Why I Stepped Out Of The Classroom

When you create a website, you’re supposed to make an “About Me” page. I have always struggled with what to write in things like that – little blurb biographies you have to do for your school websites, applications, program award pamphlets, so on and so forth. It can kind of be hard to figure out a balance between being “professional” and “personal.” Do I tell you I’m really into pretty pens and decorating my planner? If I mention the awards I’ve received, does it sound like I’m bragging? If I don’t mention the awards I’ve received, have I lost out on an opportunity to prove I know what I’m talking about? I may be overthinking this, but I find those kind of blurbs difficult.

Since I’ve gotta write it though, I’m going to fall back on being “real” — and just tell you a bit about my story. I am a science teacher, curriculum developer, instructional resource maker, STEM program educator, wife, and mother to two little monsters. I am not always all of those things at one time, but those are the many hats I’ve worn.

I have worked in education in various roles for the last 11 years – everything from summer camp counselor and preschool teacher (while I was in grad school) to full-time teaching positions in English/Language Arts, Social Studies, Integrated Science, Earth/Space and Environmental Science classrooms. (Confession: I never know which of those subjects requires capitalization, and I also think it looks weird when just one isn’t capitalized, so I just capitalized them all!) I didn’t start my undergrad degree planning to teach, but through a series of fortunate events, I kind of fell into it, and I have loved teaching ever since. Don’t get me wrong – my first year in I very nearly quit the profession entirely (that first year is a nightmare!) – but I made it through, and education (particularly science education) is absolutely my passion. Under that broad umbrella, middle schoolers are definitely my favorite.

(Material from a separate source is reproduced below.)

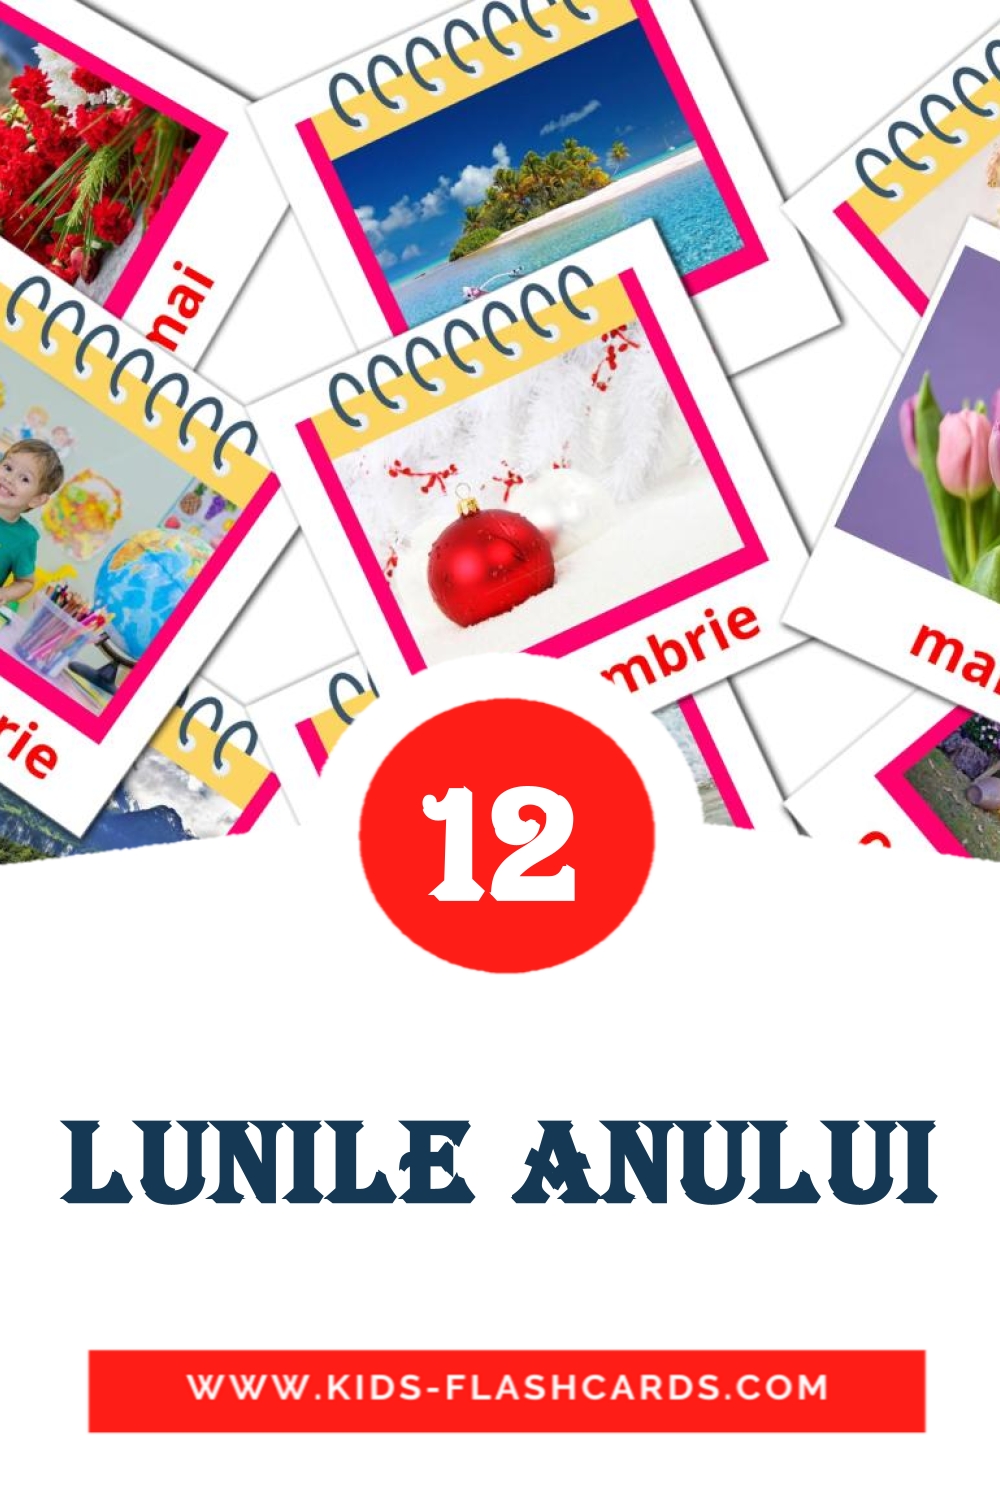 12 cartes illustrées de Lunile anului pour la maternelle en roumain

I started my career teaching in an urban school district in North Carolina, moved back home to Pennsylvania where I worked in a private school, and then switched back over to an urban school district in my hometown. While that first teaching job nearly broke me, without a doubt it forced me to develop the classroom management skills that made my positions in Pennsylvania so enjoyable (and allowed me to handle all the hands-on activity that comes with a science classroom), and I came to LOVE working with my “challenging” kids. I wouldn’t have left my “city kids” for any suburban district in the area.

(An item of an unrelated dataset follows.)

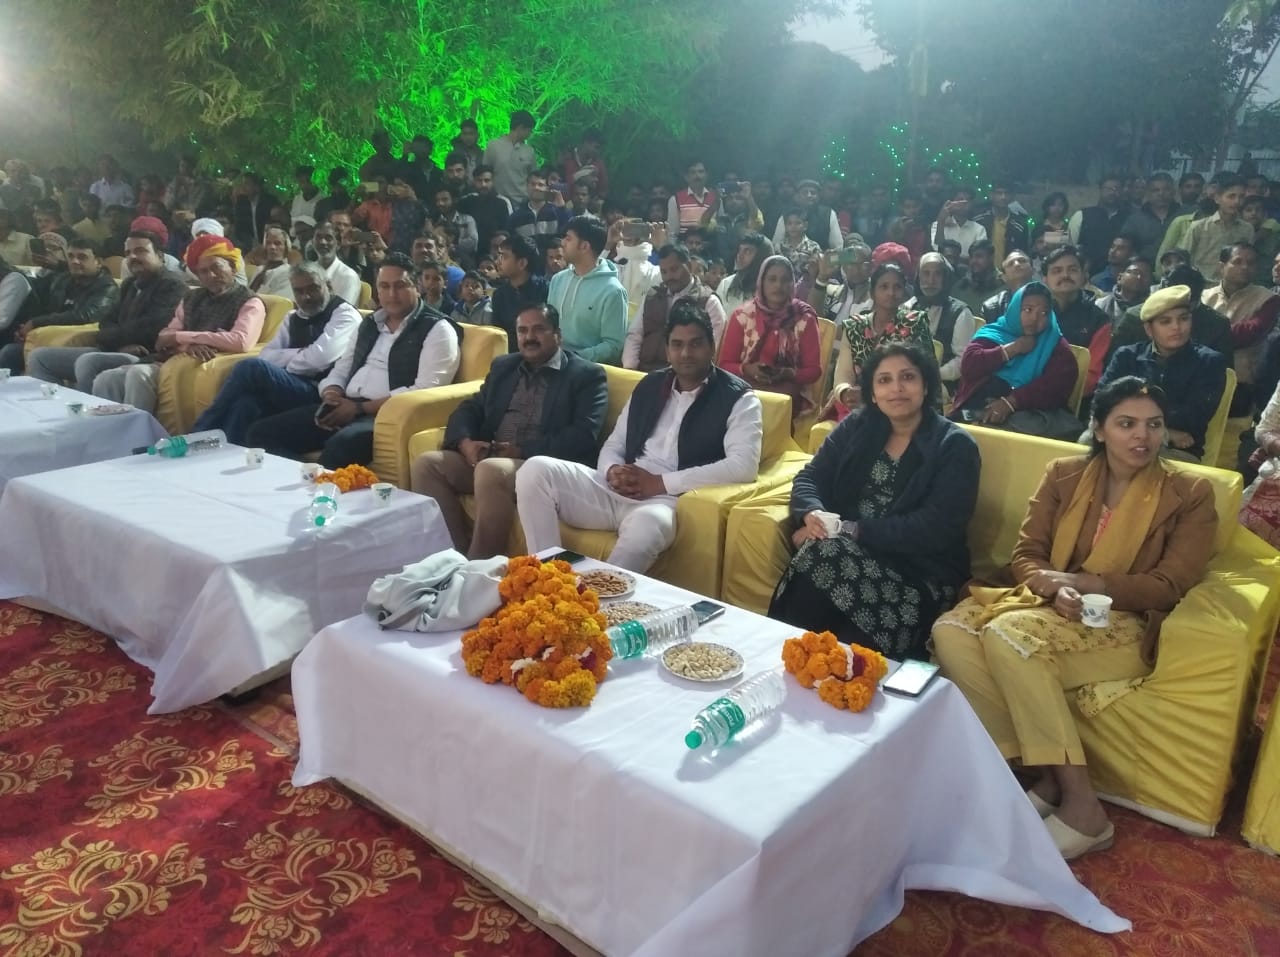 बनास महोत्सव टोंक 2022 के तहत सितार-ए हिंद, शान-ए हिंद पार्टी ने चारबैत कला का प्रदर्शन किया। साथ ही मुशायरा एवं कवि सम्मेलन में महोत्सव में समां बांध दिया

But I did leave. Before you start getting all judgy and thinking, “What does she know if she isn’t even teaching now?!”, please let me explain. Before meeting my husband, I sometimes wondered if I even wanted to have children. I loved working, I loved being devoted to my career, and I had so many dreams to advance it. While I knew I could definitely still do all of those things with children, I wasn’t sure I wanted to have to split my attention. Whether it’s hormones or love or maturity or whatever, I eventually realized I did want children, but I knew I would still work. I am a career-oriented individual – I am highly motivated, incredibly driven, and I want to be the best at everything I put my effort into.

I moved to a ninth grade science position the fall that my daughter was born. In the months before her birth – like literally the few months of school prior to her arrival in November – I brought all of my passion to the job and created an awesome classroom, wrote the curriculum for the year for my Earth and space science class (based on the awful list of objectives and textbook chapters my district handed over), and spent nearly every day at work from before 7AM to nearly 6PM. I also spent early mornings to late afternoons at Panera on the weekend, developing engaging lesson plans and instructional materials, grading materials and providing feedback, and completing whatever additional tasks needed done for my classroom — parent emails, district and state mandates, data tracking, classroom management programs, so on and so forth. I don’t say any of this to complain – I loved it! I enjoyed what I was doing, and I didn’t mind putting in so many hours.

But it was also something I had to do, if I wanted to do a good job in the classroom. The “curriculum” I had been given was literally a list of Next Generation Science Standards, followed by a list of student learning objectives. The “pacing guide” that was meant to structure the course was a table that included the week of the school year, the topic, and the textbook chapter I was supposed to cover. While maybe if you had a good textbook you could get by with something like that, my textbooks were last printed in the late 90s. They were awful. They were also way above my students’ reading level and totally NOT aligned to the NGSS. So as much as I loved all of the curriculum writing I was doing, it also wasn’t entirely an option if I wanted to give my students access to, you know, a quality science education.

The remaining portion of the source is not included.